[Gastbeitrag] Ich bin Julia Ronnenberg, seit vielen Jahren Hebamme und betreue Frauen durch die aufregende Zeit der Schwangerschaft und die ersten Monate mit ihrem Baby. Neben meiner Arbeit als Hebamme schreibe ich auf meinem Hebammenblog zu diversen Themen zu Schwangerschaft, Geburt und Leben mit Baby und biete Online Rückbildungskurse sowie Geburtsvorbereitungskurse an.
Zu einer meiner Tätigkeiten als Hebamme gehört auch die geburtsvorbereitende Akupunktur, die den Körper der schwangeren Frau auf die Geburt vorbereiten soll. In diesem Artikel soll es um diese Form der Akupunktur gehen, dem viele werdende Mütter erst einmal skeptisch gegenüber stehen.
Wie wird die geburtsvorbereitende Akupunktur angewendet, was bewirkt sie und hat sie Vor- oder Nachteile? All das wirst Du in diesem Beitrag erfahren.
Besonders für Erstgebärende geeignet
Auch ich stand lange der geburtsvorbereitenden Akupunktur skeptisch gegenüber. Das änderte sich, als ich vor über 16 Jahren meine Akupunkturausbildung abschloss und regelmäßig begann, Akupunktur in der Schwangerschaft durchzuführen. So konnte ich in all den Jahren hauptsächlich positive Erfahrungen mit der alten Heilkunst machen.
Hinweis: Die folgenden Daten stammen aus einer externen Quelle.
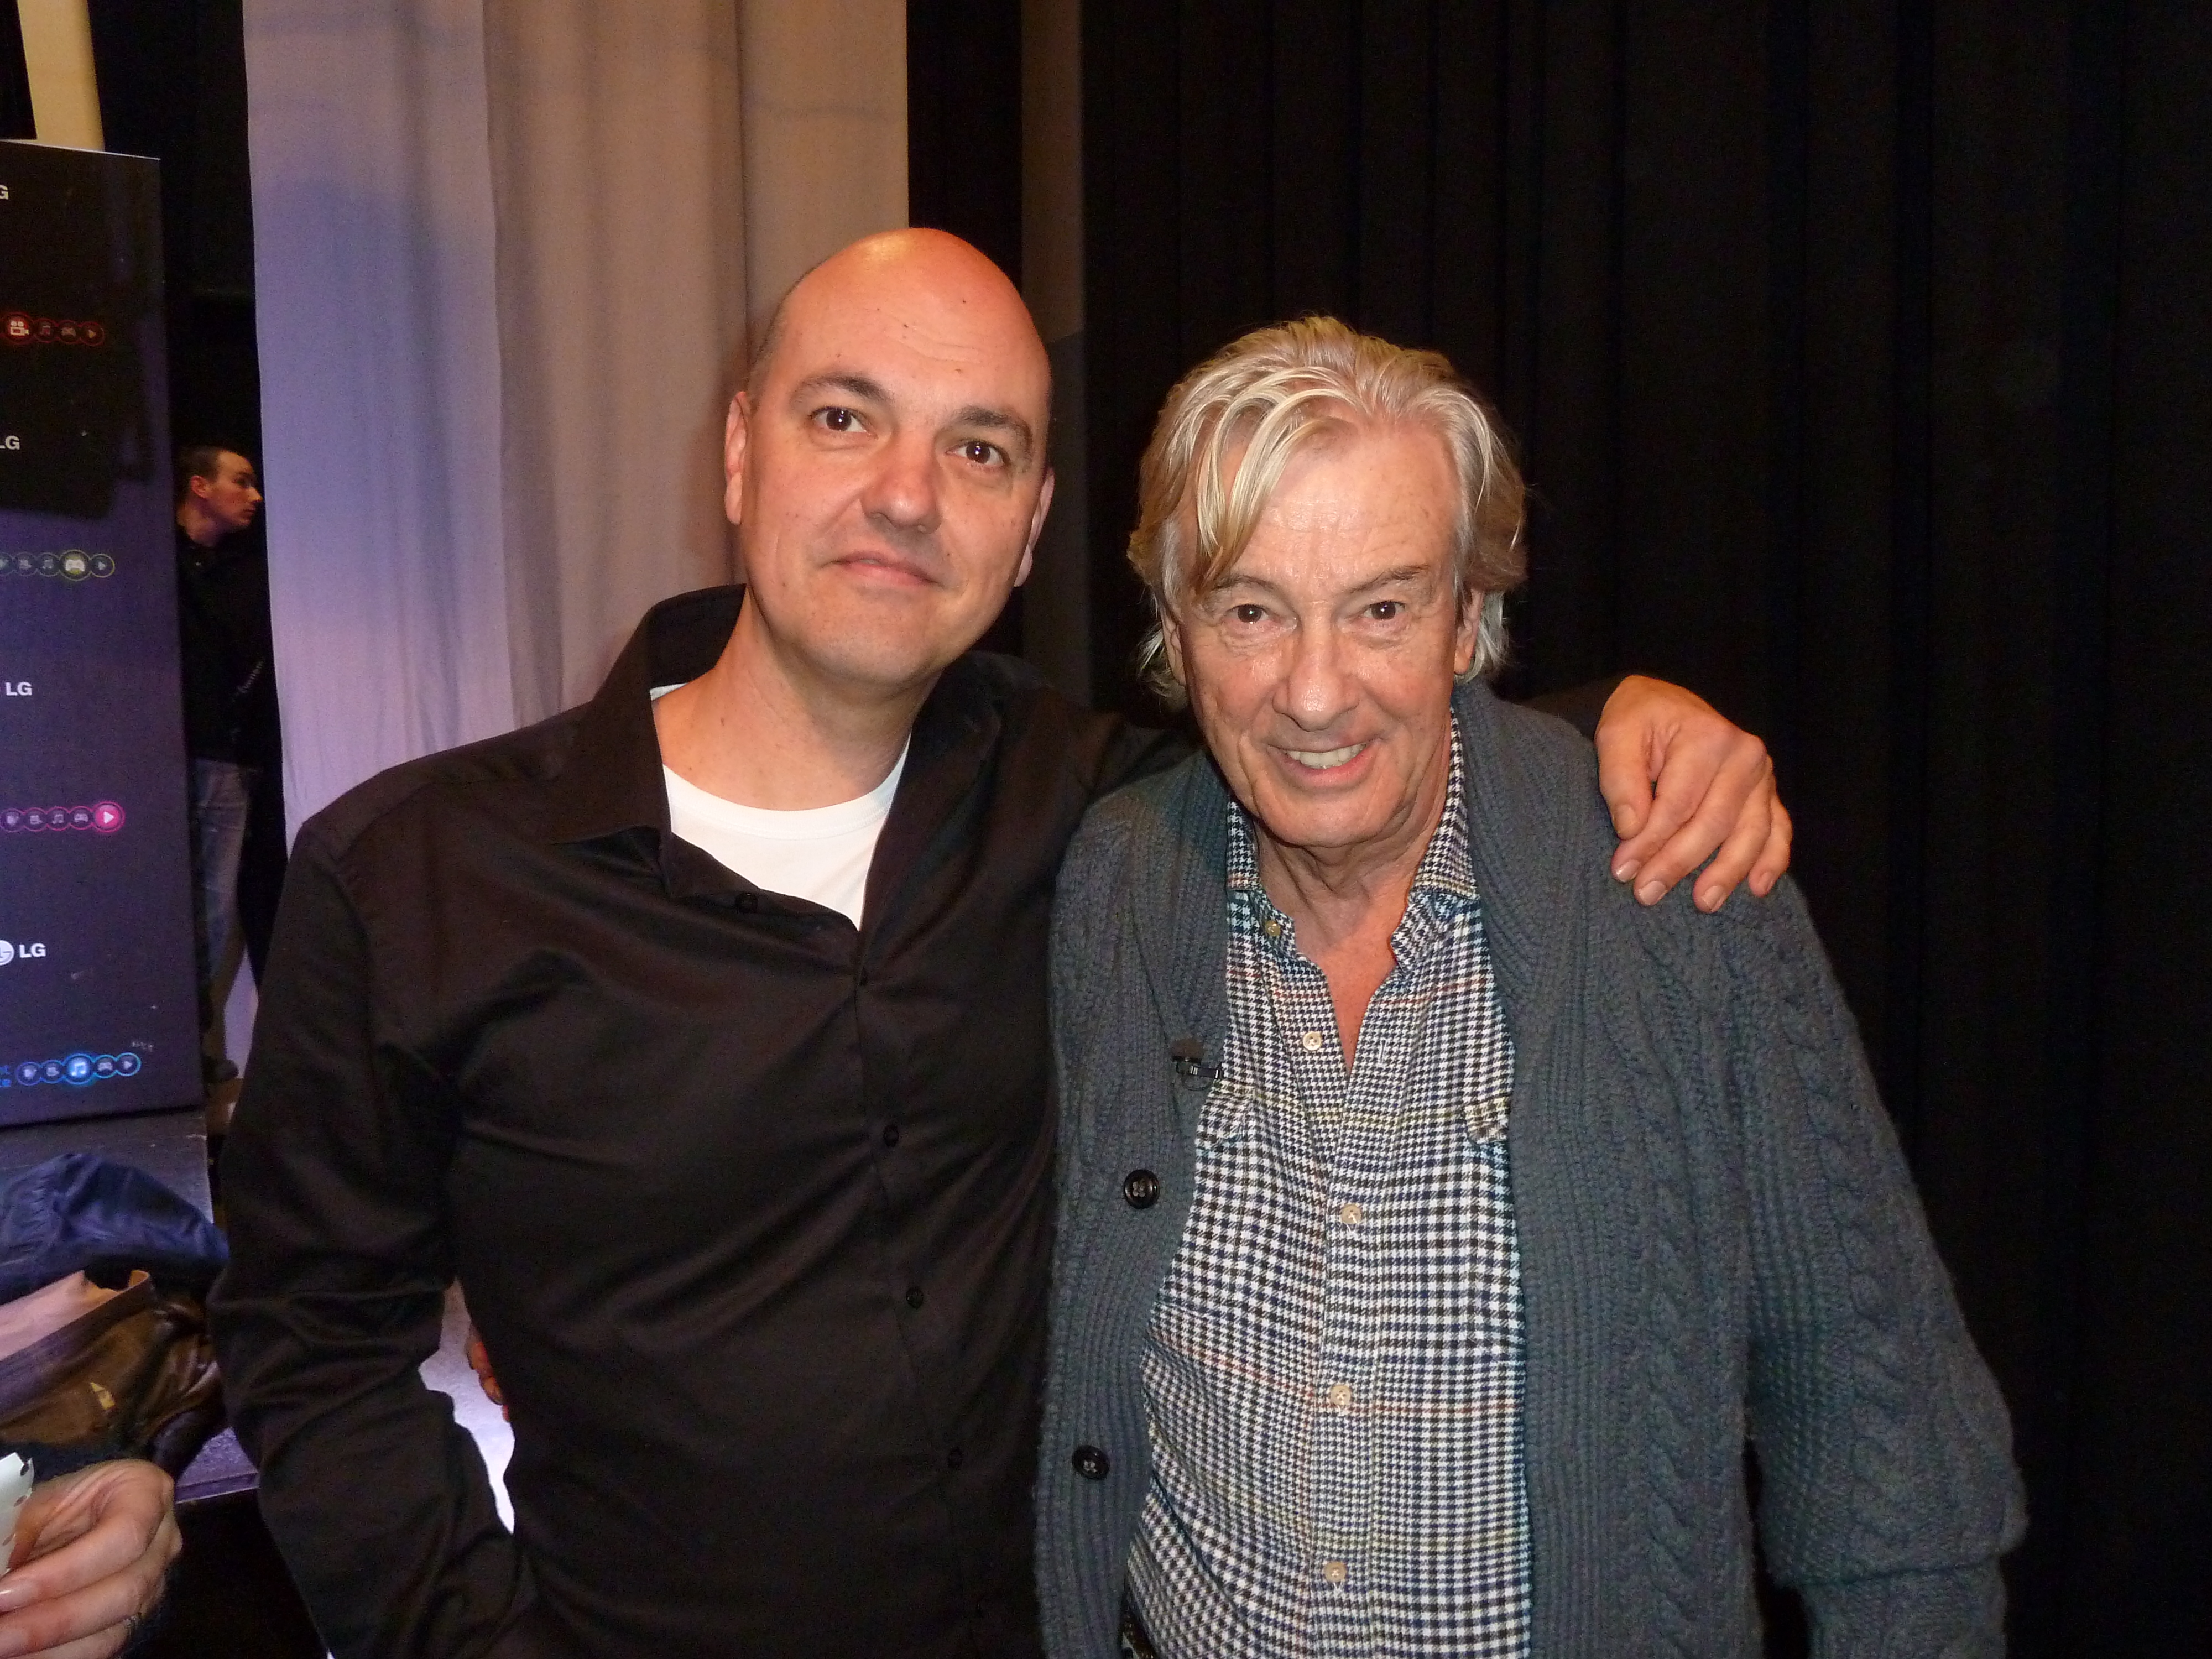 With Paul Verhoeven at the script writing workshop for The Entertainment Experience.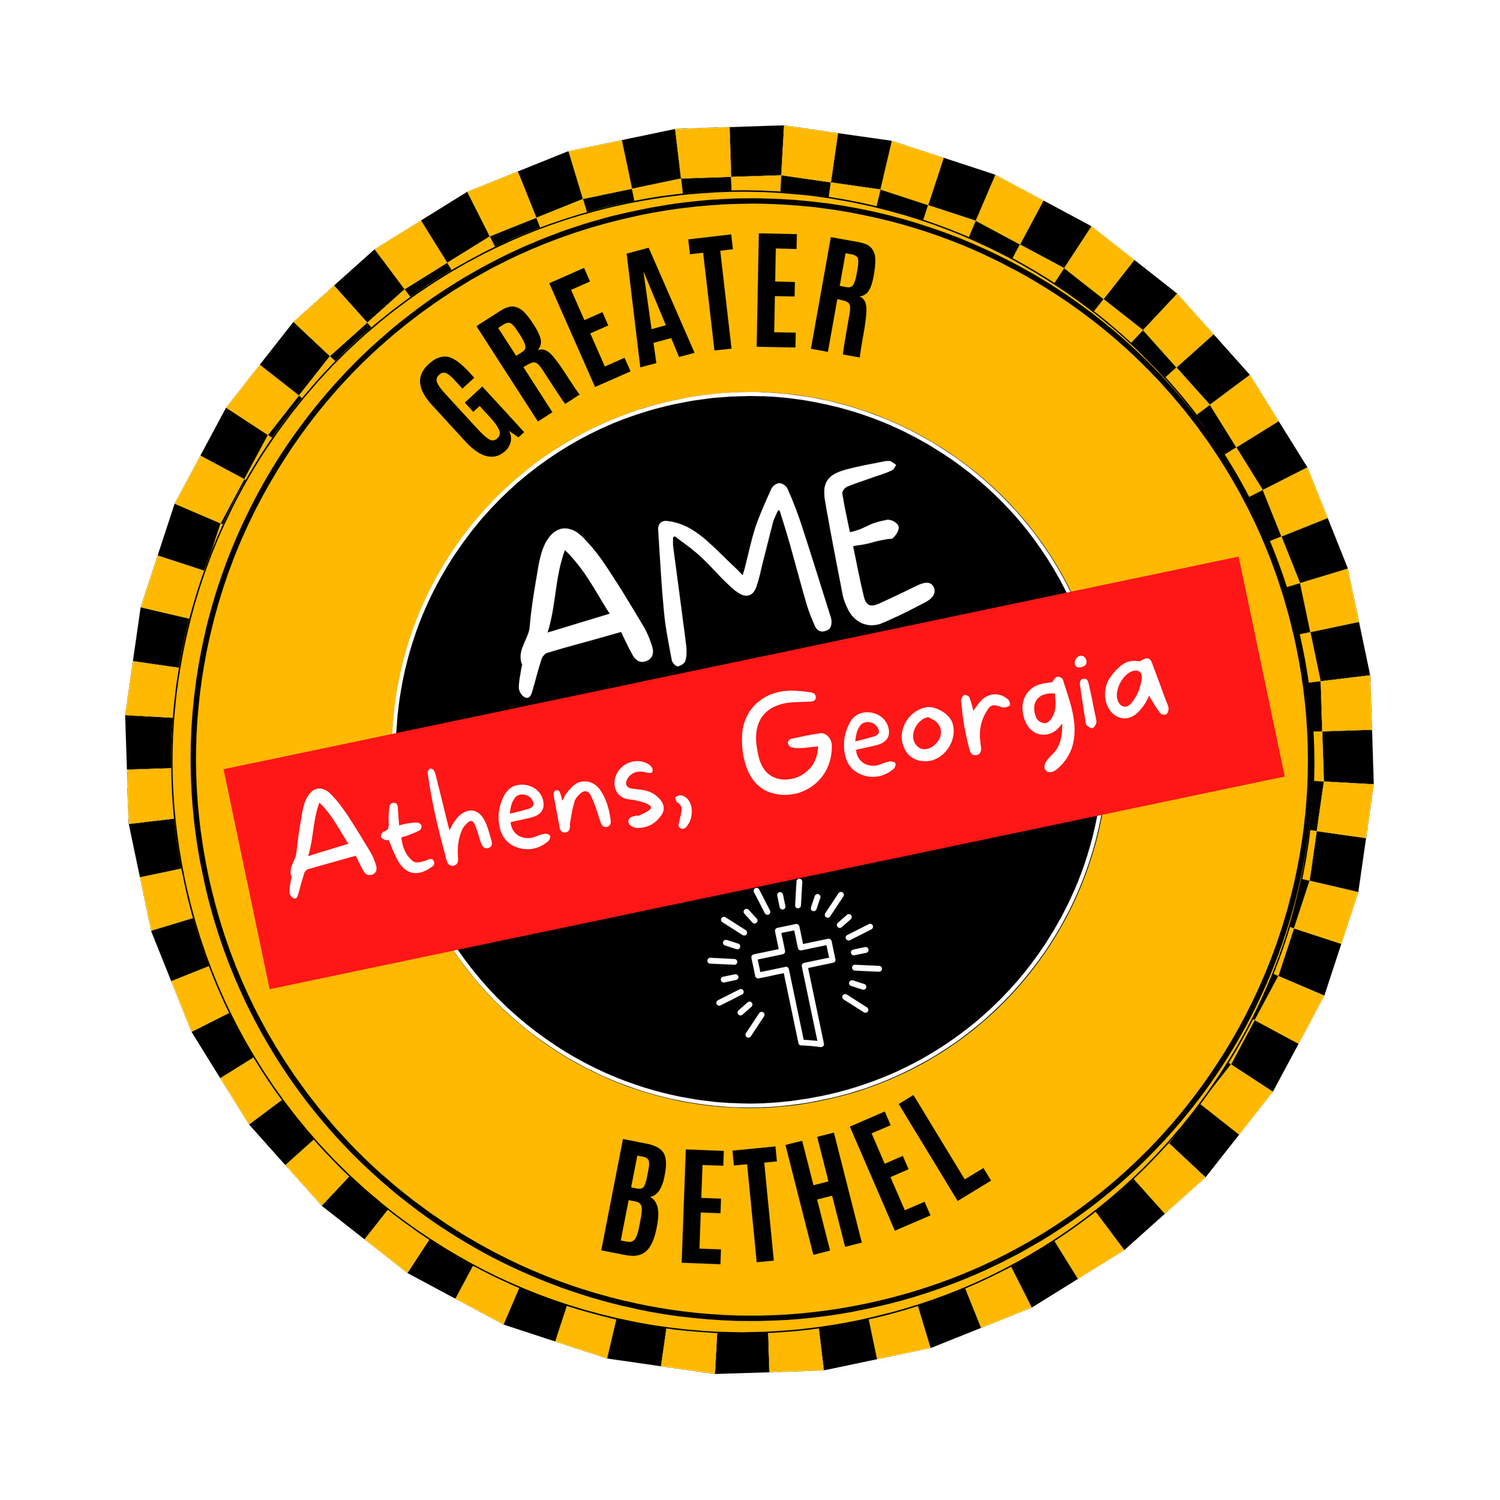 Greater Bethel AME - Athens

Ich möchte Dir zunächst einmal die Vorteile nennen, die sich für die Geburt ergeben, wenn du auf geburtsvorbereitende Akupunktur setzt. Die Nadeln werden an bestimmten Akupunkturpunkten in den Beinen gesetzt. Das kling schmerzhaft, vertrau mir aber, das ist es nicht! Die meisten Frauen, auch die mit Angst vor Nadeln, merken meist gar nichts. Durch die Akupunkturnadeln wird der Energiefluss auf den Meridianen (Energiebahnen) gefördert, die zum Becken und der Gebärmutter führen, was zu einer Auflockerung des Muttermundes beiträgt. Das soll dafür sorgen, dass der Muttermund sich leichter öffnet und die Frauen bei der Geburt oft weniger Schmerzen empfinden. Denn ein weicher Muttermund öffnet sich im Vergleich zu einem festen Muttermund leichter. Die Frauen benötigen dadurch weniger Schmerzmittel.
Gut zu wissen: Studien konnten feststellen, dass bei Frauen, die ihr erstes Kind erwarten, sich die Eröffnungsphase der Geburt durch die geburtsvorbereitende Akupunktur um gut zwei Stunden verkürzt.
Kann eine Geburt mit Hilfe von Akupunktur eingeleitet werden?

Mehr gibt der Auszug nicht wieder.